I am not going to give up the fight to have unregistered immigration practitioners removed from lodging Australian visa applications for and on behalf of unwitting clients.  The fresh new Form 956 goes part of the way there on this journey, but we need to keep moving forward.

Unregistered migration practitioners who engage in the lodgement of Australian visa applications on behalf of vulnerable persons are exploitative, predatory and unethical.  They do not have a demonstrated level of sound knowledge.  If they were registered, the level of incompetency shown in their work would likely result in a decision by the Office of the MARA to cancel their registration, and the removal of their right to practise.

Sometimes unregistered practitioners commit offences under a number of different laws over an extended period.  Use the examples of Abel Kalpinand Prasad, or Eddy Kang.  These two individuals were operating onshore, on our own Australian soil.  Look how hard it has been for the authorities to bring them to justice.  If only they had been banned from lodging visa applications in the first place.  If only the system prevented their access.

These unregistered immigration practitioners are not members of professional associations like Migration Alliance, the Law Council or the MIA, which have strong self-regulatory standards. 

By remaining unregistered, these 'criminal entrepreneurs' avoid the scrutiny of their peers and the authorities, rather than having to address deficiencies in their practice.

As was the case with Abel Kalpinand Prasad, such practitioners sometimes move to different jurisdictions that have less regulatory scrutiny, or no treaties (such as extradition treaties) with Australia in order to continue their illegal or unethical conduct.

Public warnings including this Ministerial Release have been issued about these types of people, after they have wreaked havoc on peoples lives.   To me, these examples highlight the concerns about the suitability of public protection with respect to services delivered by unregistered immigration practitioners.

I would like Federal Parliament to enact legislation to address what I see as a gap in the law.  We need to strengthen public protection for unwitting Australian visa applicants, especially those located outside Australia.  These vulnerable consumers use the services of unregistered immigration practitioners.  We need to block their access to ImmiAccount, and all paper-based applications.

From my perspective there are a few practical things to consider as a part of blocking unregistered practitioners from lodging Australian visas on behalf of vulnerable persons:

1. No email address should be used more than once for visa lodgments, unless it is the email address of a Registered Migration Agent, as Registered Migration Agents need to lodge multiple visa applications for and on behalf of their clients.  Individual applicants do not.  They have one email and they only need to use it once for themselves, should they wish to lodge a visa application independently.

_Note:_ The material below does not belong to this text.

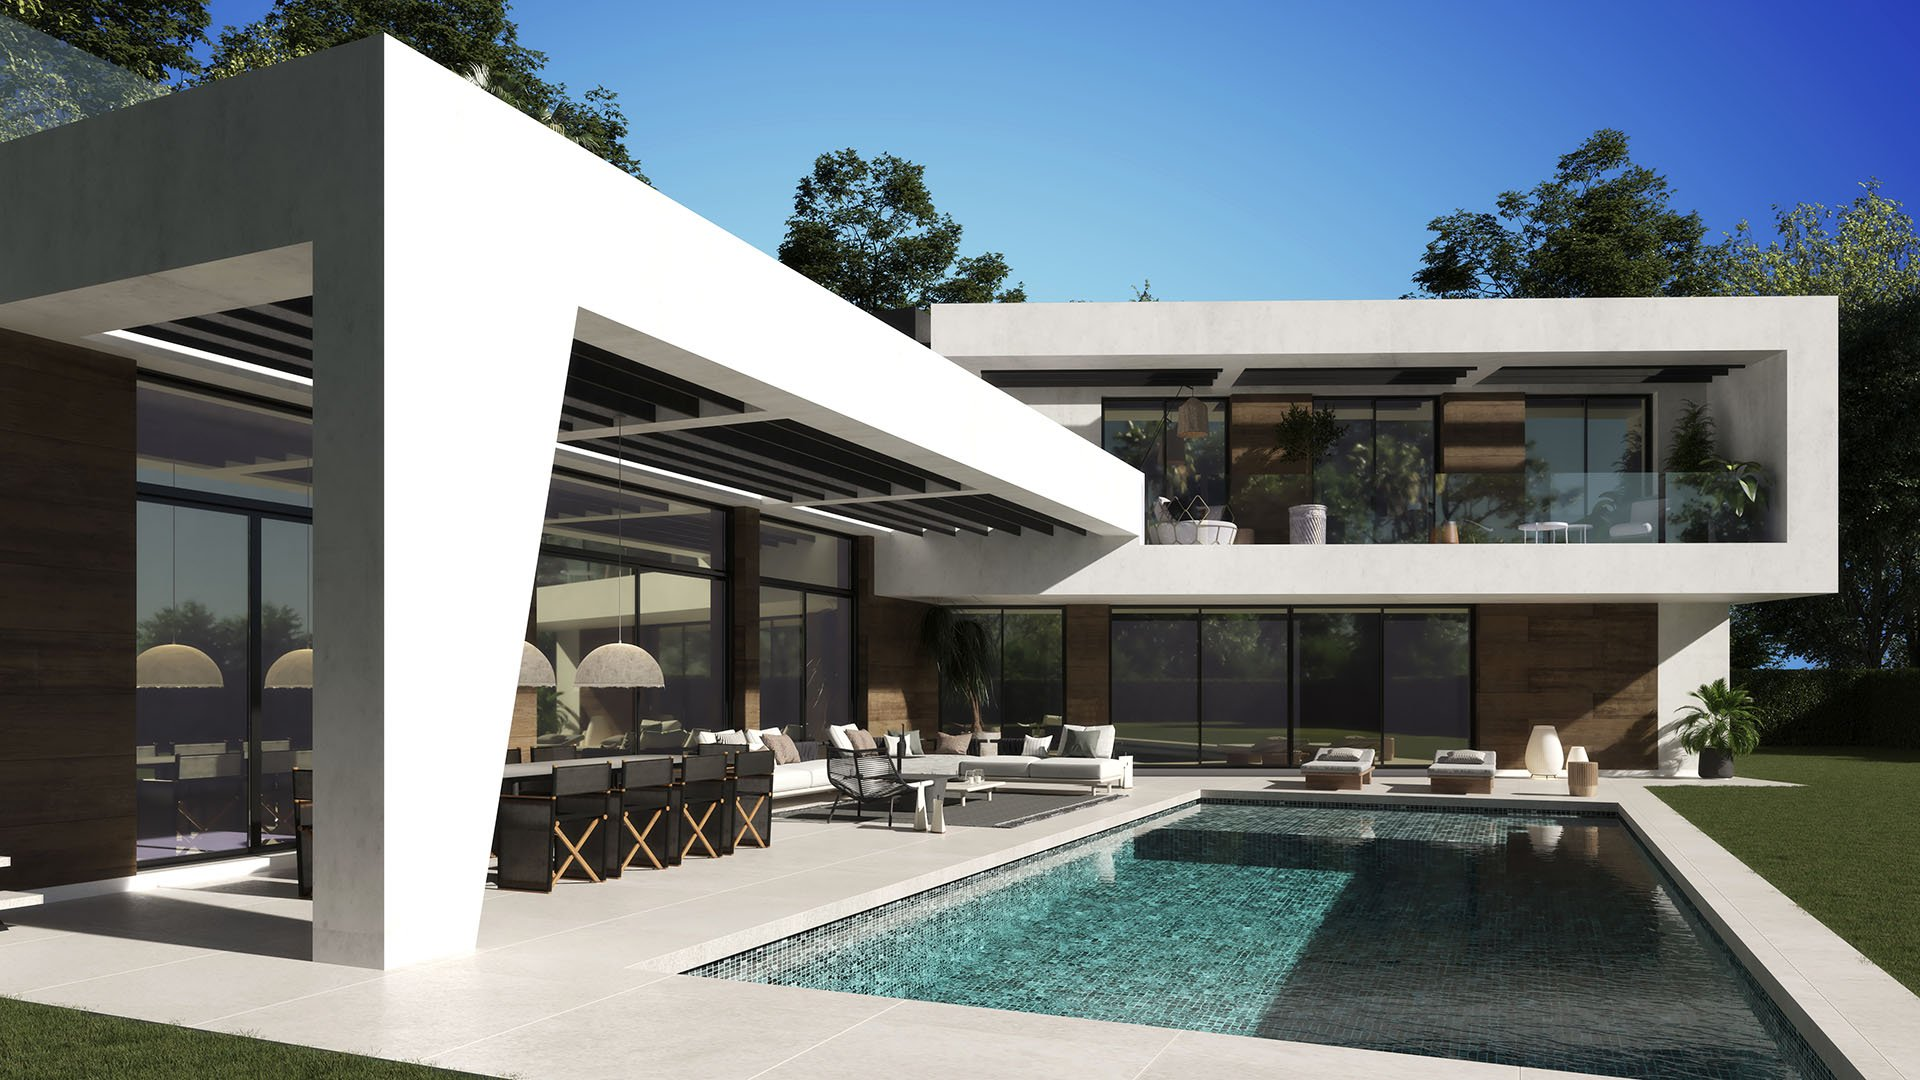 Villa Guadalmina Baja 197: Luxury villa within walking distance from the beach and amenities

2. IP Addresses should be tracked.  Repeated pings from the same IP Address, but for different visa applicants should be red-flagged as potential unregistered agent practice, and the ImmiAccount should freeze applications until evidence is provided that the person is not using an unregistered practitioner.

3.  Block the use of the Tor network for Australian visa applications

4. Block the use of a proxy for Australian visa applications so that unregistered practitioners cannot hide their IP.

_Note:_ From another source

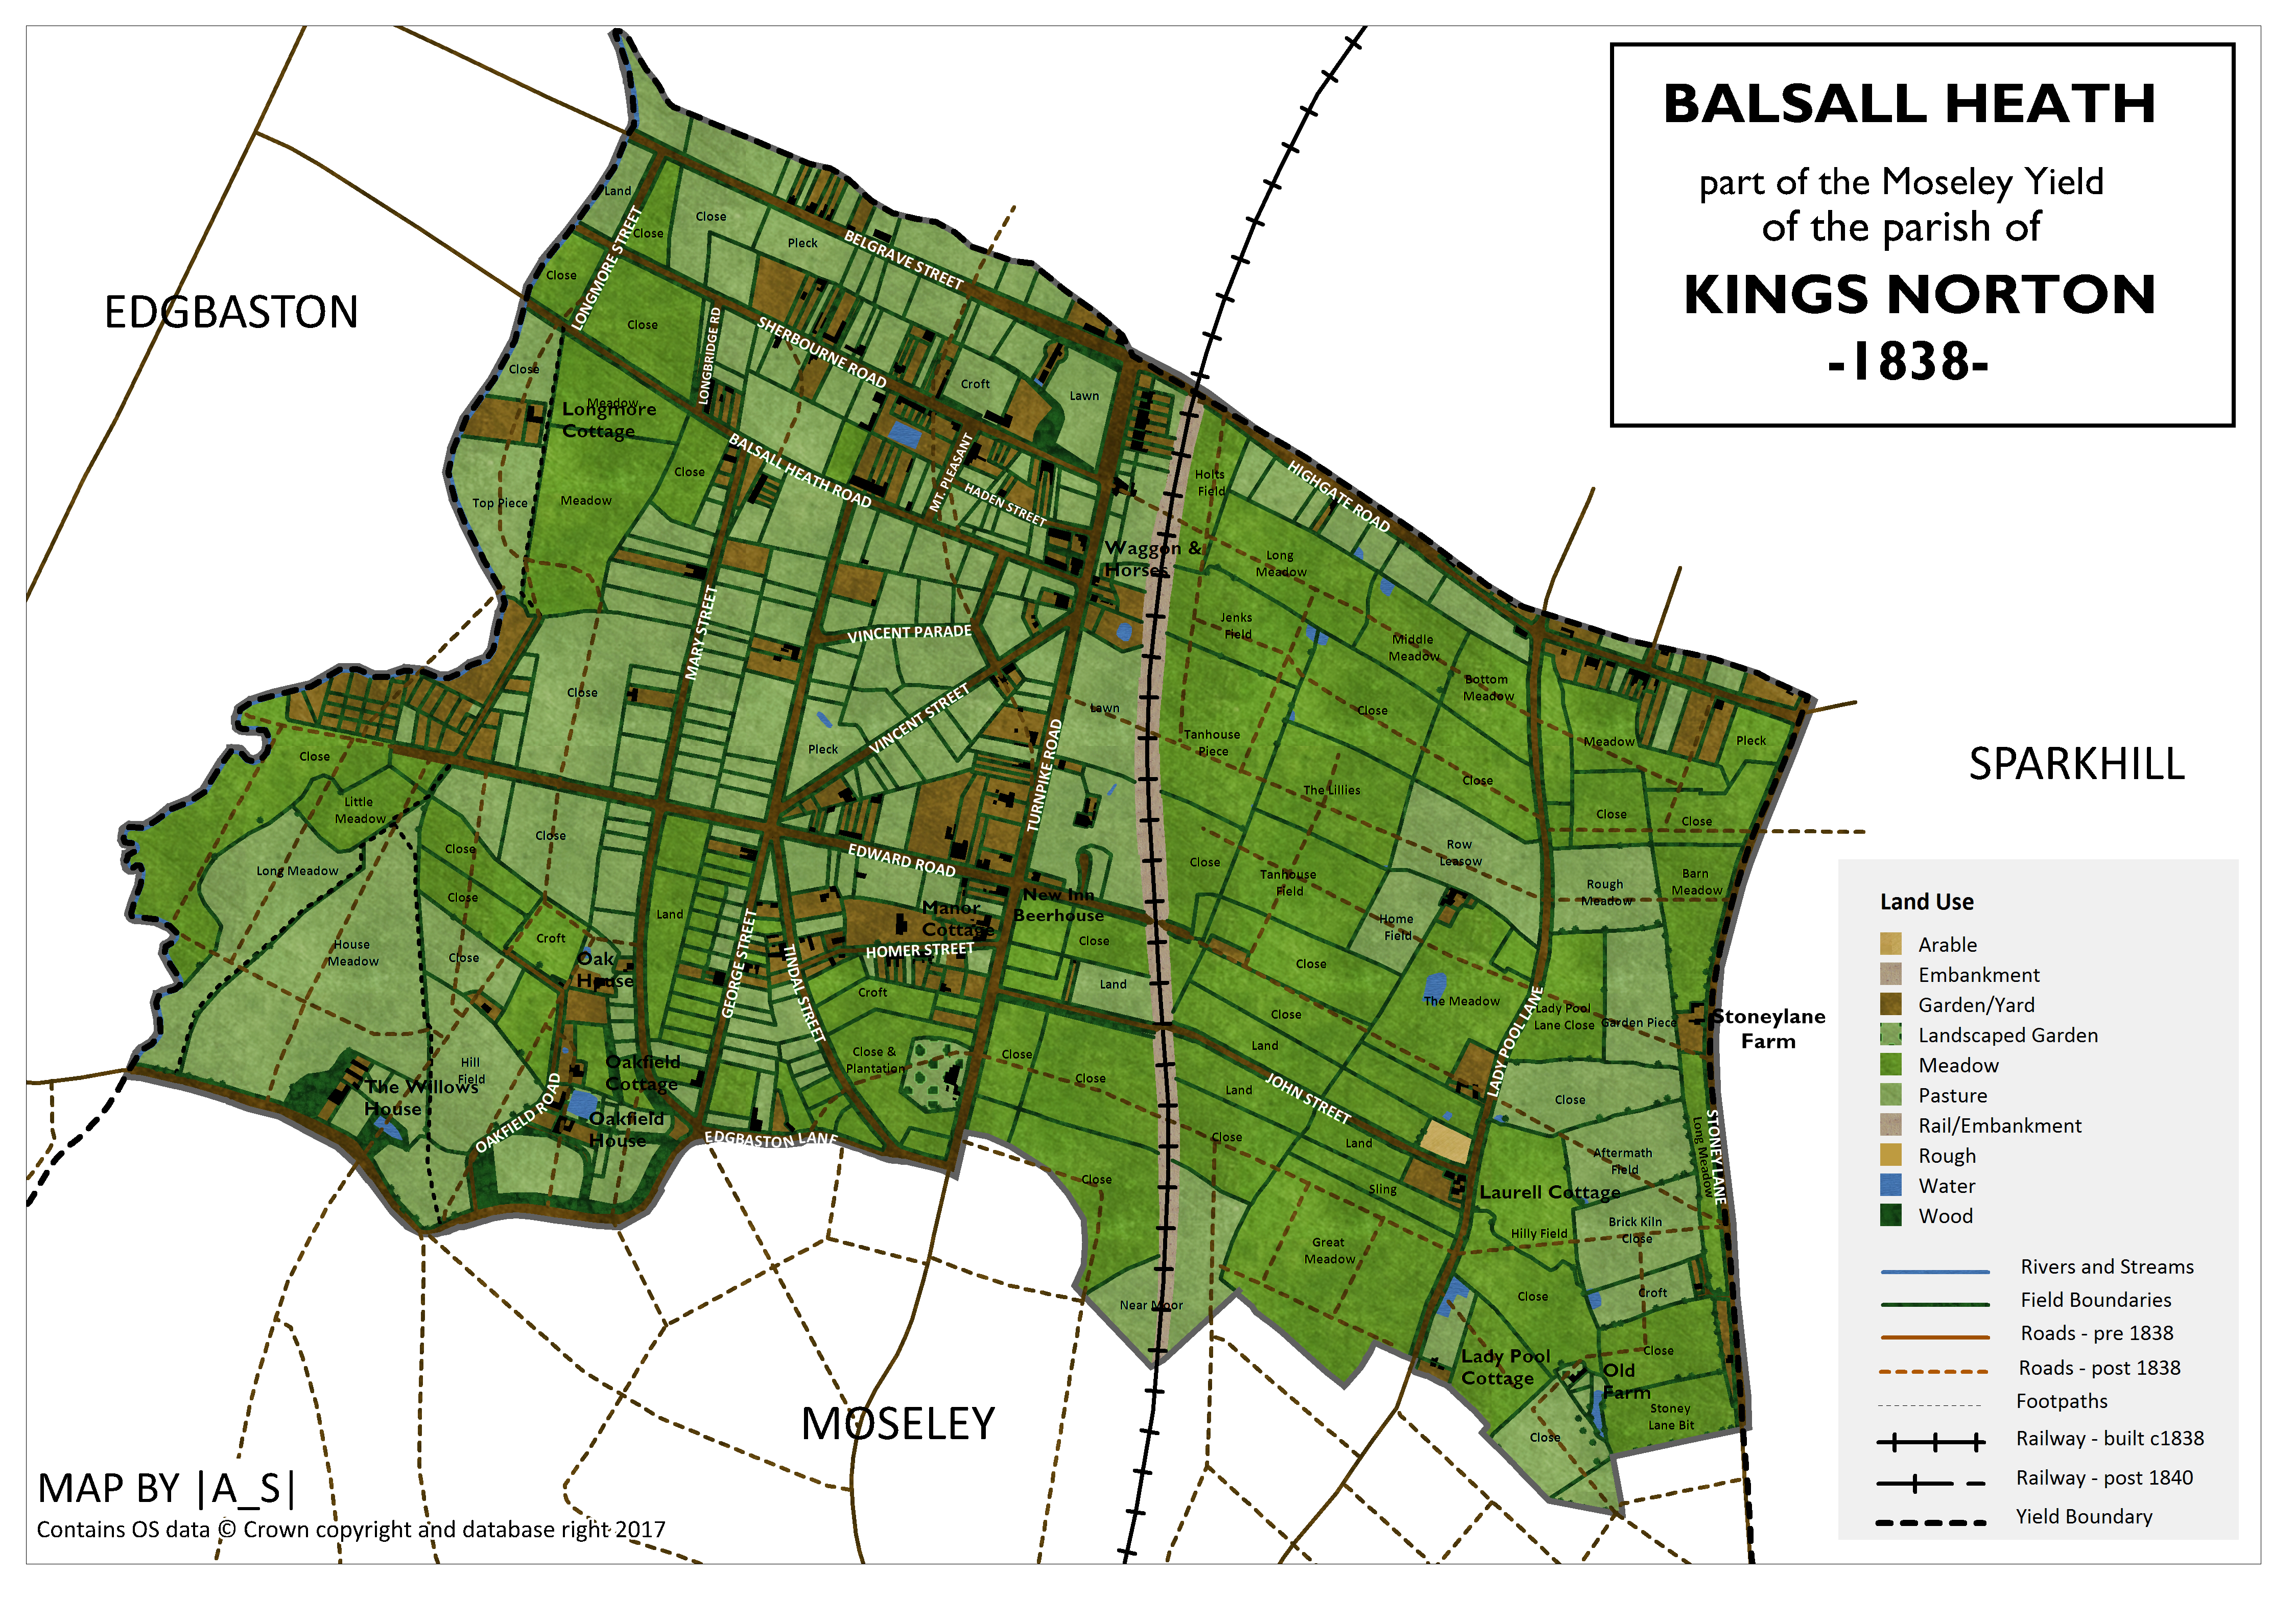 Balsall Heath 1838

5. Issuing of a ‘prohibition order’ to unregistered practitioners and their businesses as soon as there is confirmation of their attempts to lodge Australian visa applications for their clients.  A prohibition order should be publicly available on the Office of the MARA and Department of Home Affairs websites, declaring the person and business as an unregistered person who are specifically prohibited from providing Australian immigration-related services altogether.  Australian Government websites could even go as far to state that if a person is to use an unregistered immigration practitioner then there is a serious risk to the health of their visa application and security of their bio data and other information. 

6. Statutory Declarations could be included as part of online visa applications and could be signed by the visa applicants who are lodging Australian visas on their own, without using a Registered Migration Agent. These Statutory Declarations could state that the visa applicant/s lodged the visa application themselves, and without third party assistance.  Potentially, attaching this declaration to PIC 4020 may assist as a deterrent from using unregistered practitioners.  The alternative box would be that the visa applicant used the services of a Registered Migration Agent.  

7. Only email addresses registered with the Office of the MARA should be used in association with a Migration Agent Registration Number (MARN) and no other email address.  This would address the potential for unregistered practitioners to engage in MARN theft.  MARN theft is the diversion of business away from a RMA by using (stealing) an agent's MARN, and their own, personal email address for communications with the client.   The RMA could be unaware that their MARN is even being used in this manner.

Australian Registered Migration Agents went to university to gain qualifications,  increase their knowledge every year through professional development, maintain Professional Indemnity Insurance and a Professional Library each year.  They do not want to spend their time competing with unregistered persons who undercut them on price, and lodge half-baked or incorrect visa applications into the Australian systems.

All ideas would be greatly appreciated.  My plan is to continuously make submissions to Government. 

I am pushing for unregistered practice to cease in 2019.